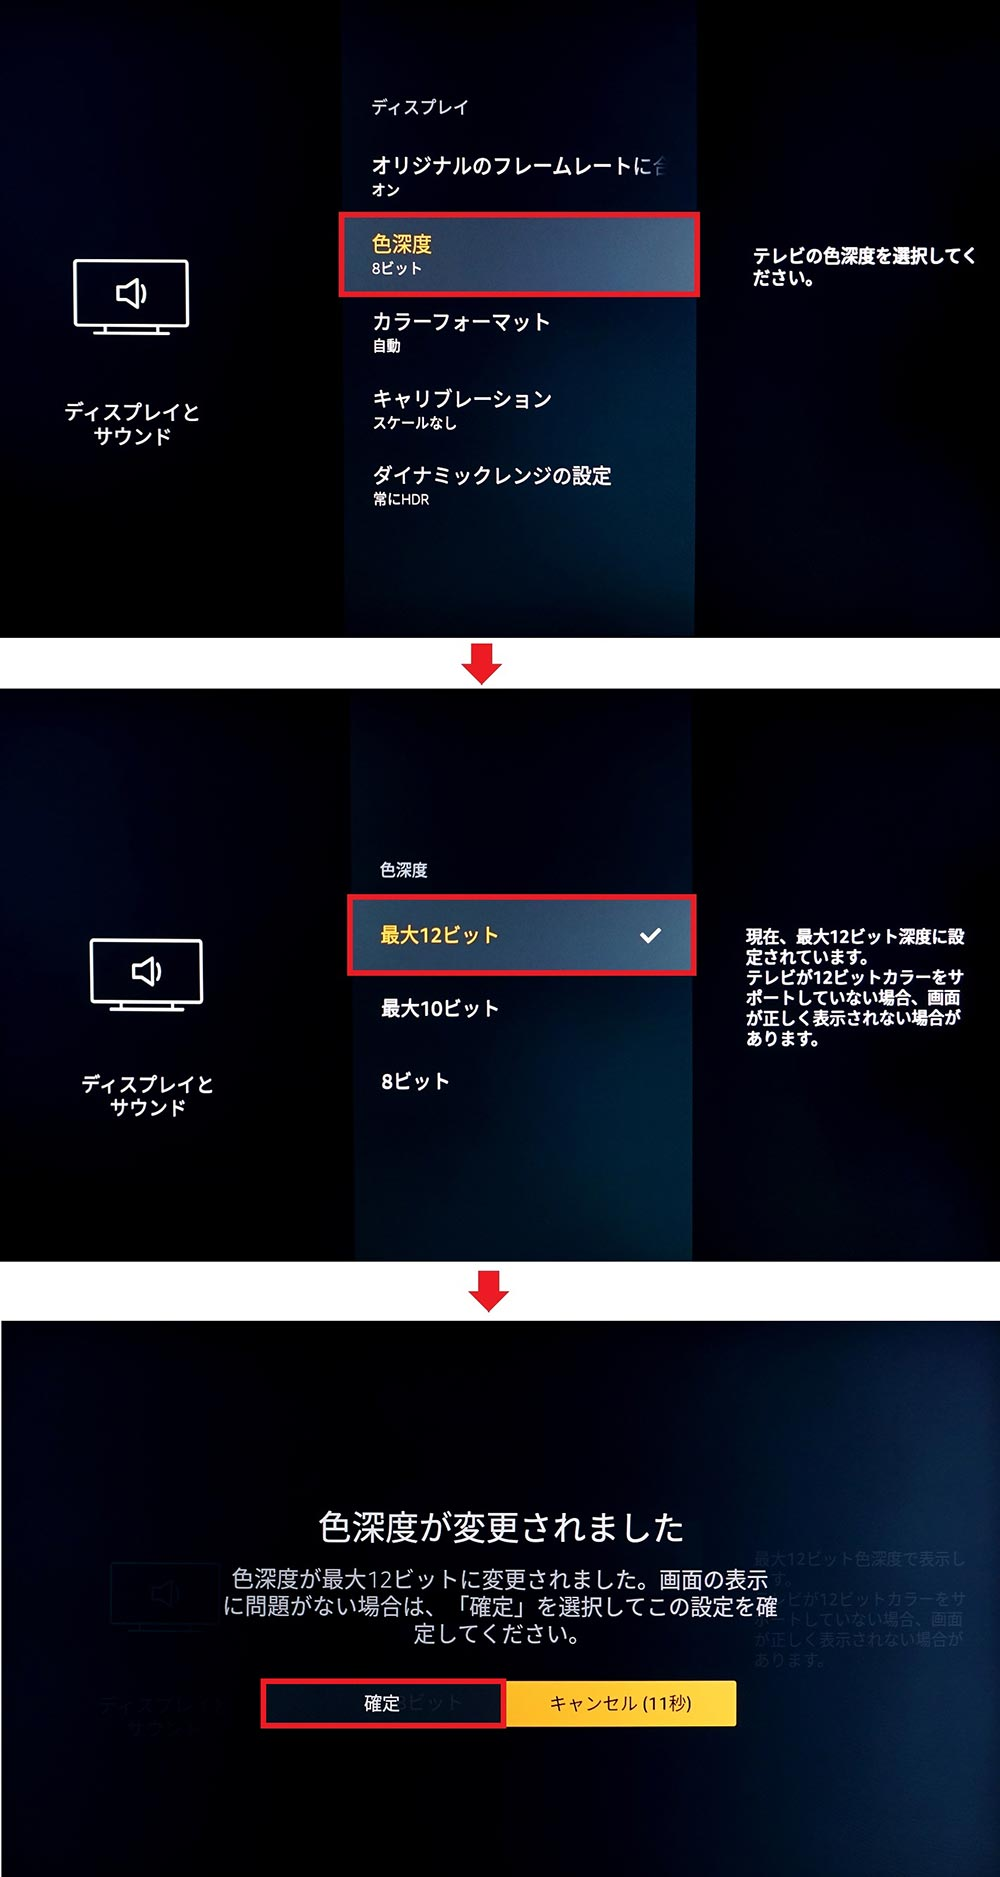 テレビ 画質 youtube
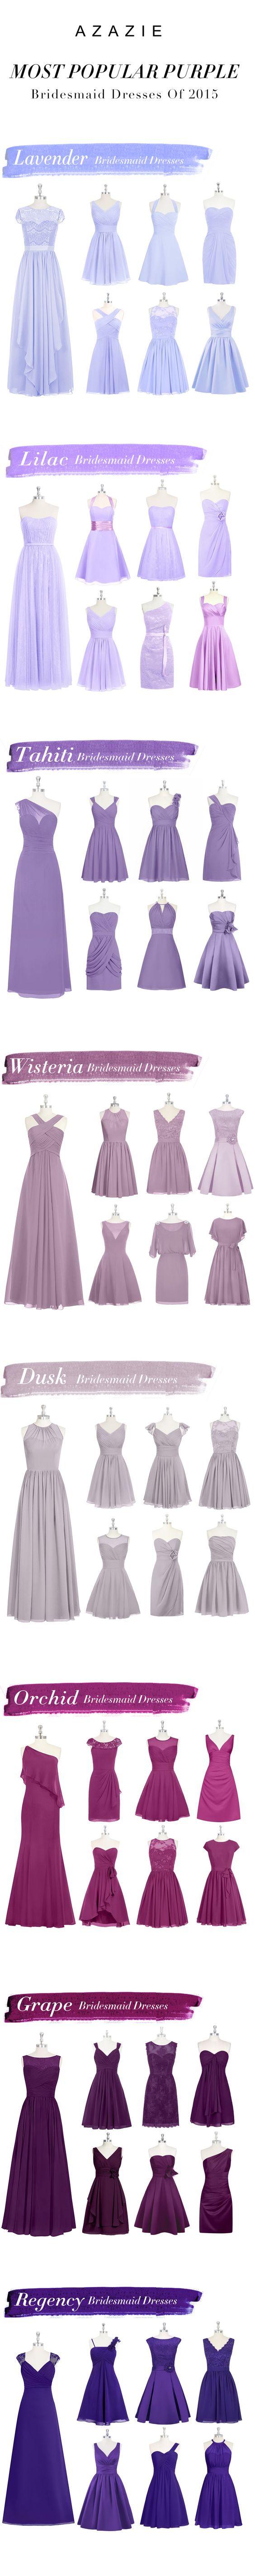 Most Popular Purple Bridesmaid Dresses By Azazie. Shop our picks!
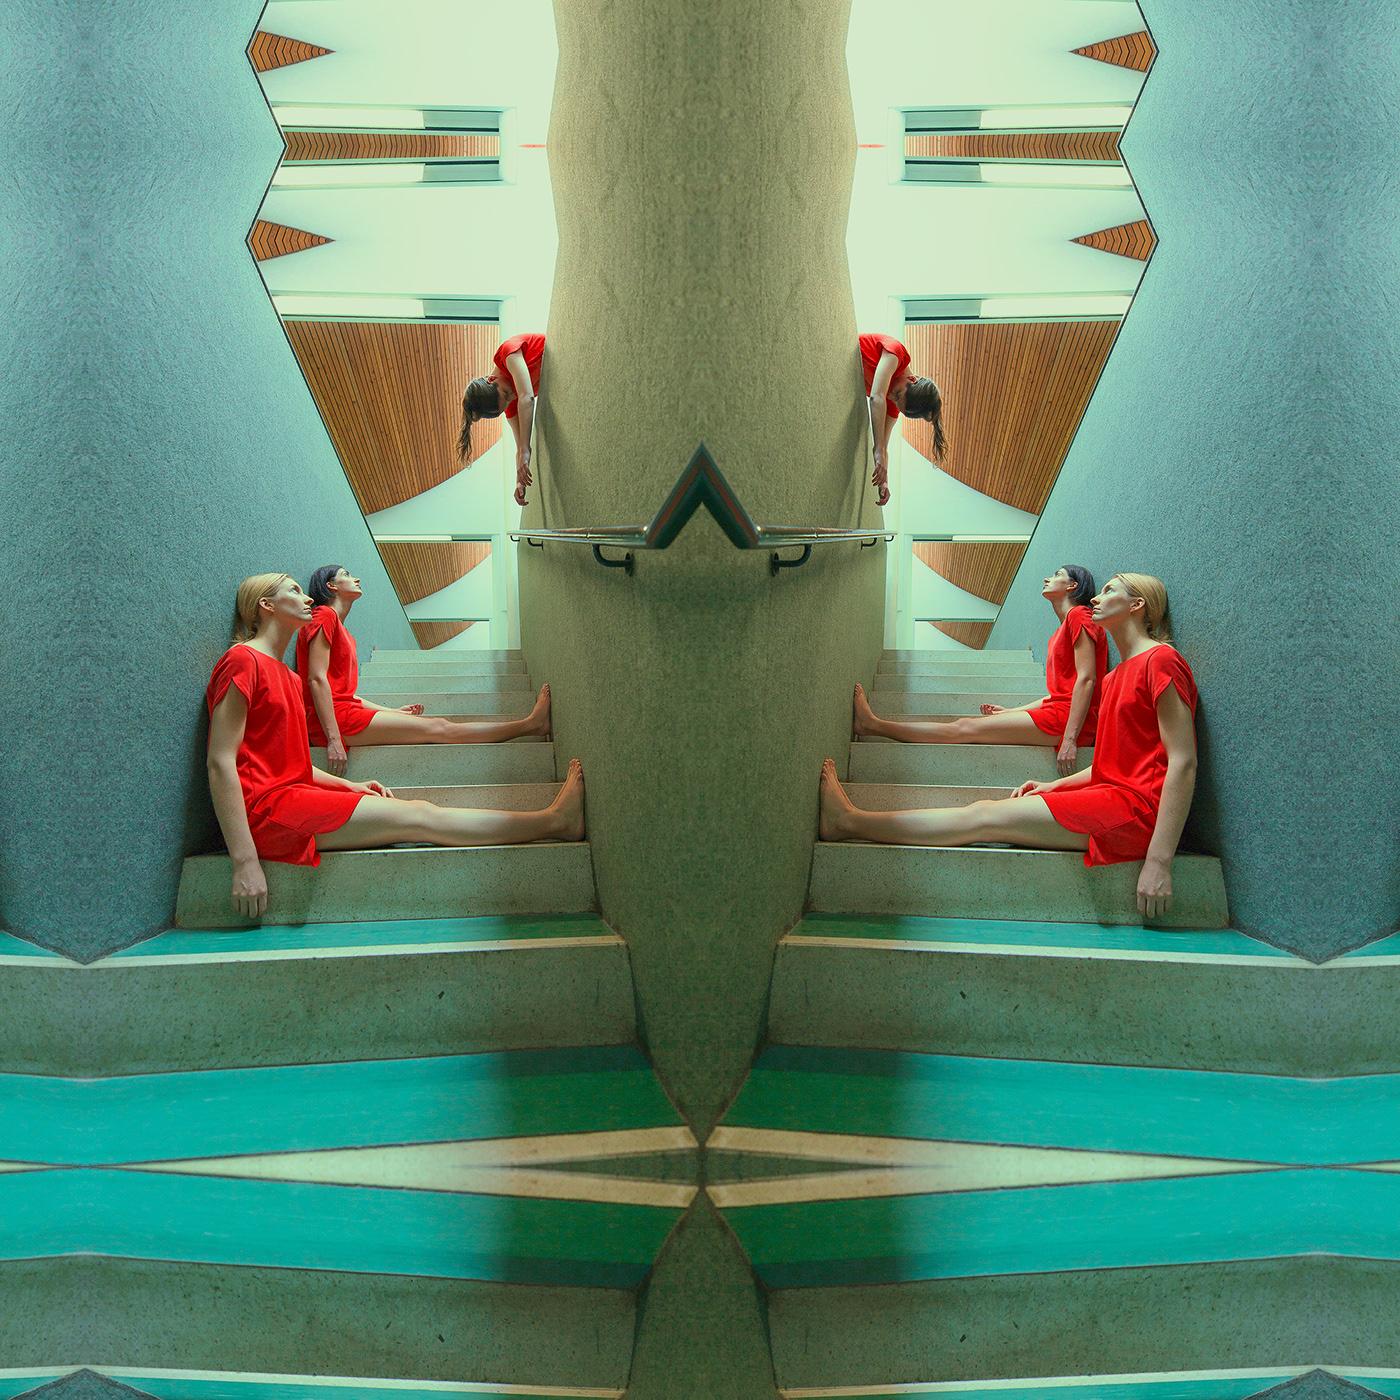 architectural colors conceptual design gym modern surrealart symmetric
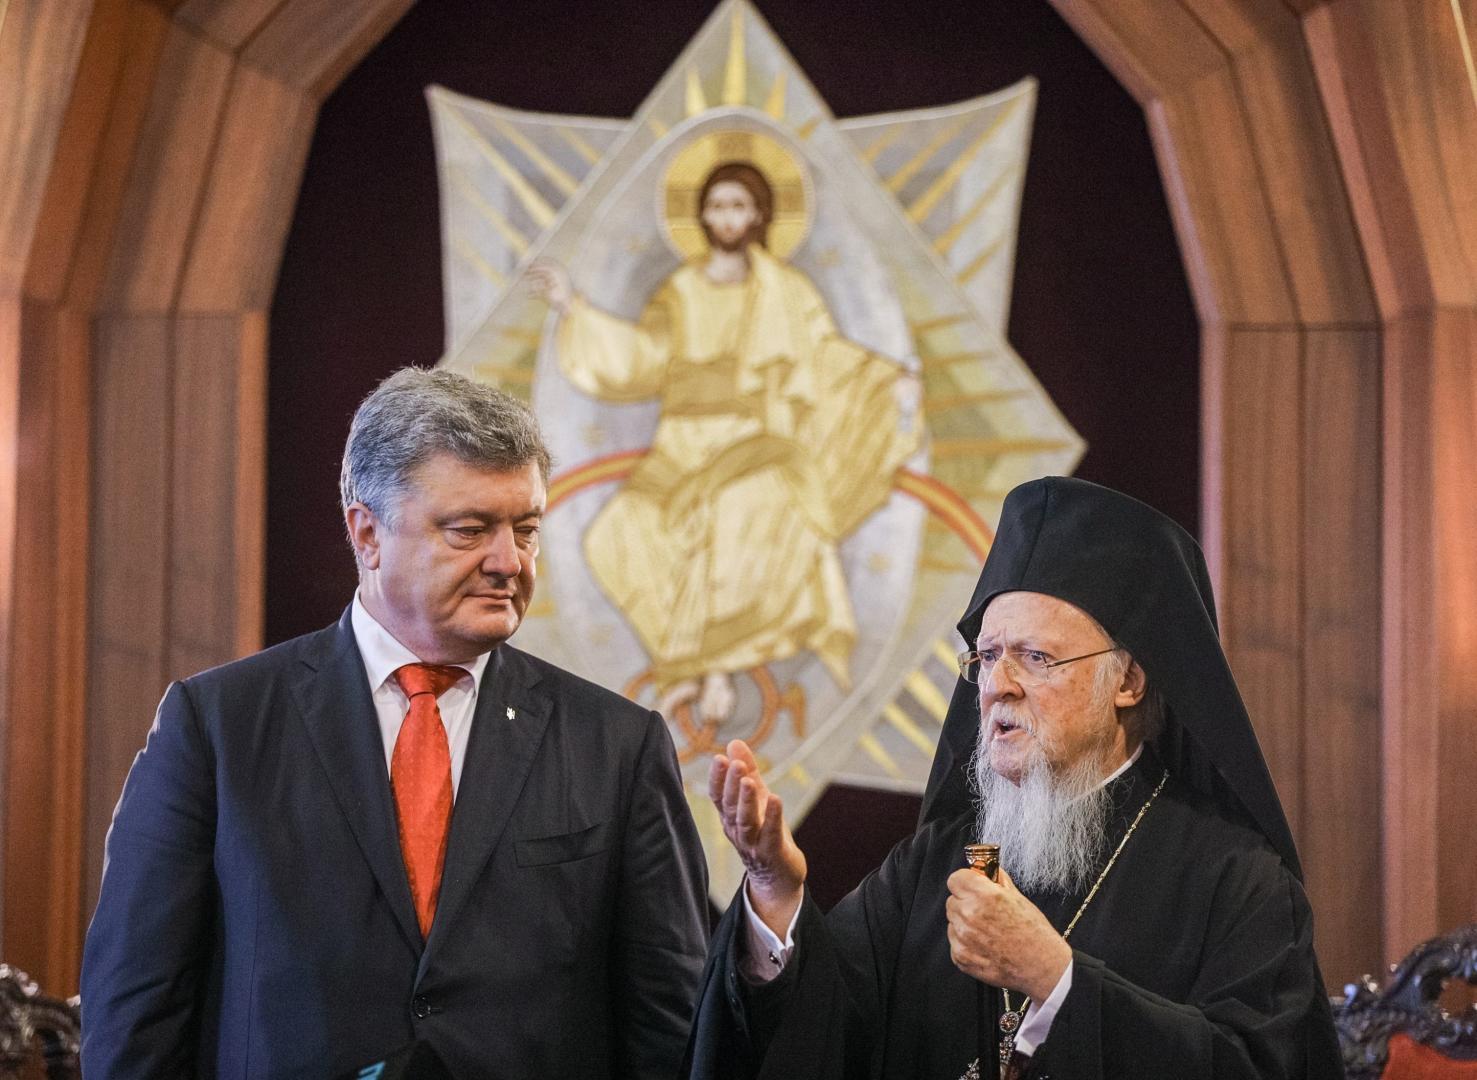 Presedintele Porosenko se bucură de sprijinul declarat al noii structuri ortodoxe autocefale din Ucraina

--- Directions for this task ---
Write out exactly, with no pictures, each line from the one containing "Most Popular Purple" through the last line of the listing above, both included.

--- Expected output ---
 Most Popular Purple Bridesmaid Dresses By Azazie. Shop our picks!
 architectural colors conceptual design gym modern surrealart symmetric
 Presedintele Porosenko se bucură de sprijinul declarat al noii structuri ortodoxe autocefale din Ucraina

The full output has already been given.